Chip makes a quick decision about antibiotics
Greetings
Let me revisit the topic of antibiotic resistance. Antibiotic misuse is a leading cause of resistance. The misuse arises due to two reasons- unwarranted broad spectrum antibiotic prescription and unregulated use There is a lot of literature reporting the inappropriate use. This stems from having to guess the organism and start therapy before the lab tests are back. Guessing the organism is probably the easier part but predicting the antibiotic is more difficult. This has been eased to an extent by surveillance studies that identify the local antibiogram pattern. However, given the evolving nature of bacteria many a times the best guess is not even near good. There are several important questions and concepts when it comes to use of antibiotics. I recommend you read a blog post by Sridhar Rao
This is a standard clinical problem in most parts of the world. The problem arises from the need to grow the organism for testing. An alternative is genomic or proteomic based testing. These methods are expensive. Though whole genomic sequencing and MALDI TOF instruments are pushing the boundaries its application is still not in wide use. Also use of such methods require that resistance signatures are already known in the database. This has pushed the need to bring in systems that are rapid, reliable and low cost. A new paper published in LabChip by Justin Besant and team looks into just that. As Besant comments, "Guessing can lead to resistance to these broad-spectrum antibiotics, and in the case of serious infections, to much worse outcomes for the patient, we wanted to determine whether bacteria are susceptible to a particular antibiotic, on a timescale of hours, not days."
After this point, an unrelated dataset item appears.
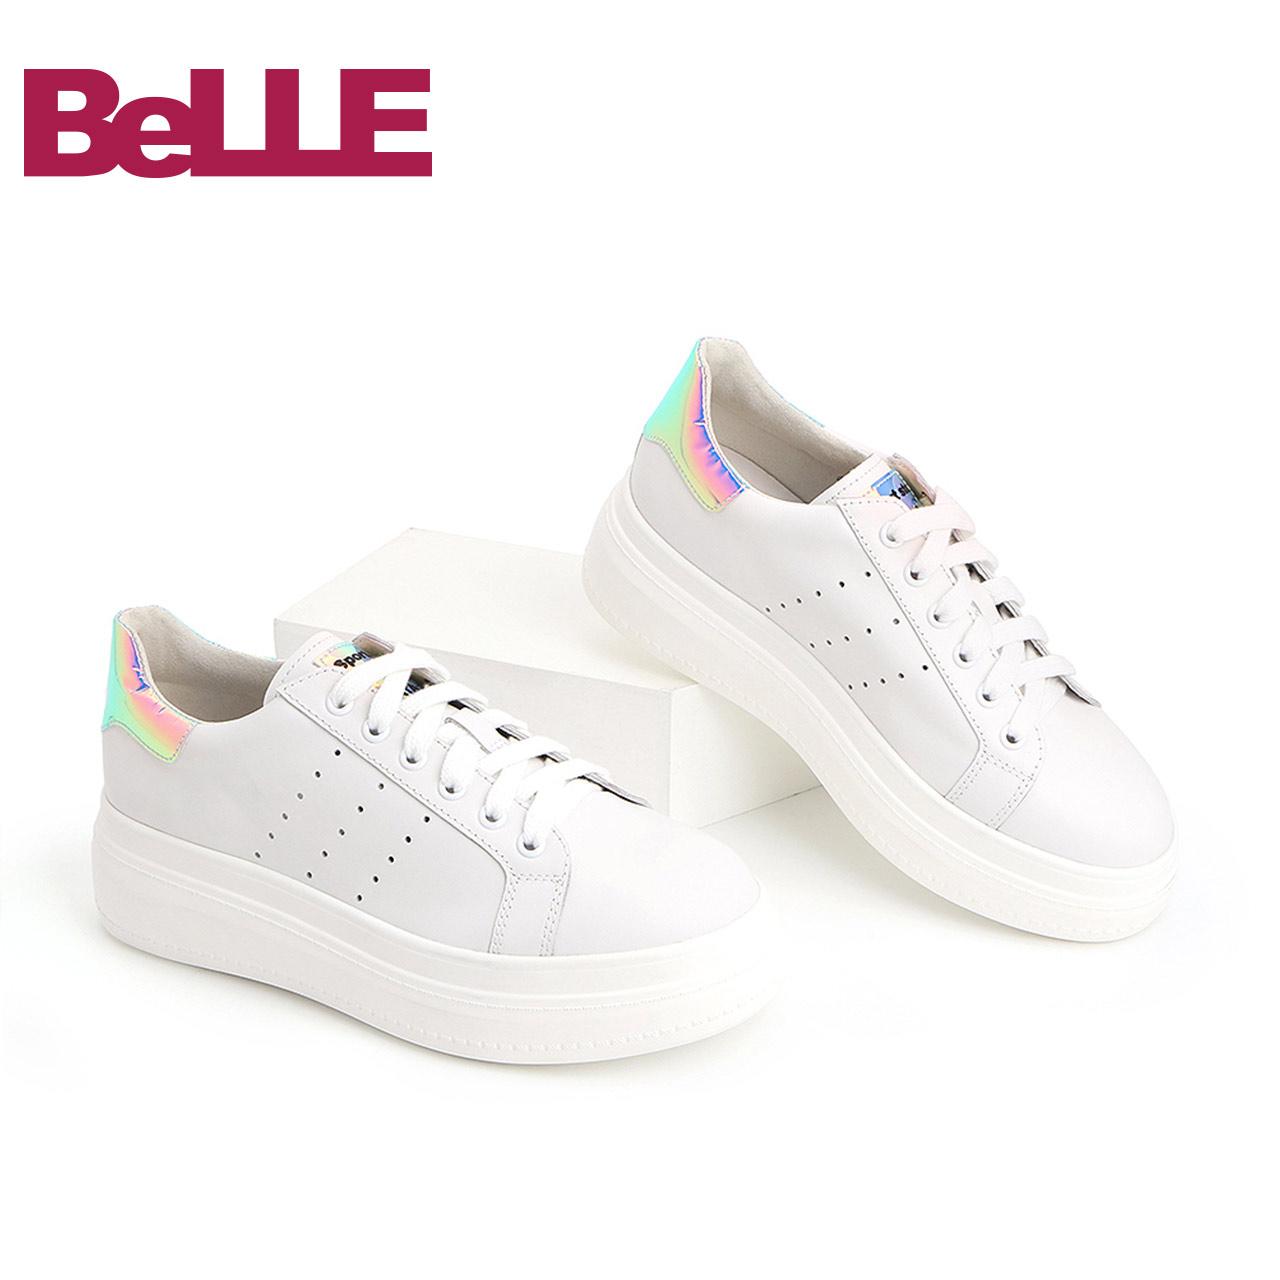 Belle-百丽小白鞋2018秋商场同款新款舒适休闲女鞋BYDA2CM8

Fig 2: Representative differential pulse voltammograms. Source |
What exactly is antibiotic resistance? You can get so many definitions based on which guidelines are talking about it (Seriously!!). But perhaps the definition that nails it reads so, "If organism is active metabolically in presence of the inhibiting agent, that's resistance". That means if you can demonstrate metabolism in organism, given sufficient time of exposure we can detect resistance. As mentioned in the paper there are several methods of achieving this under research such as detection of bacterial motion using AFM cantilevers, electrochemical measurements of bacterial growth, optical detection of bacterial growth, and optical detection of redox reporters of bacterial metabolism.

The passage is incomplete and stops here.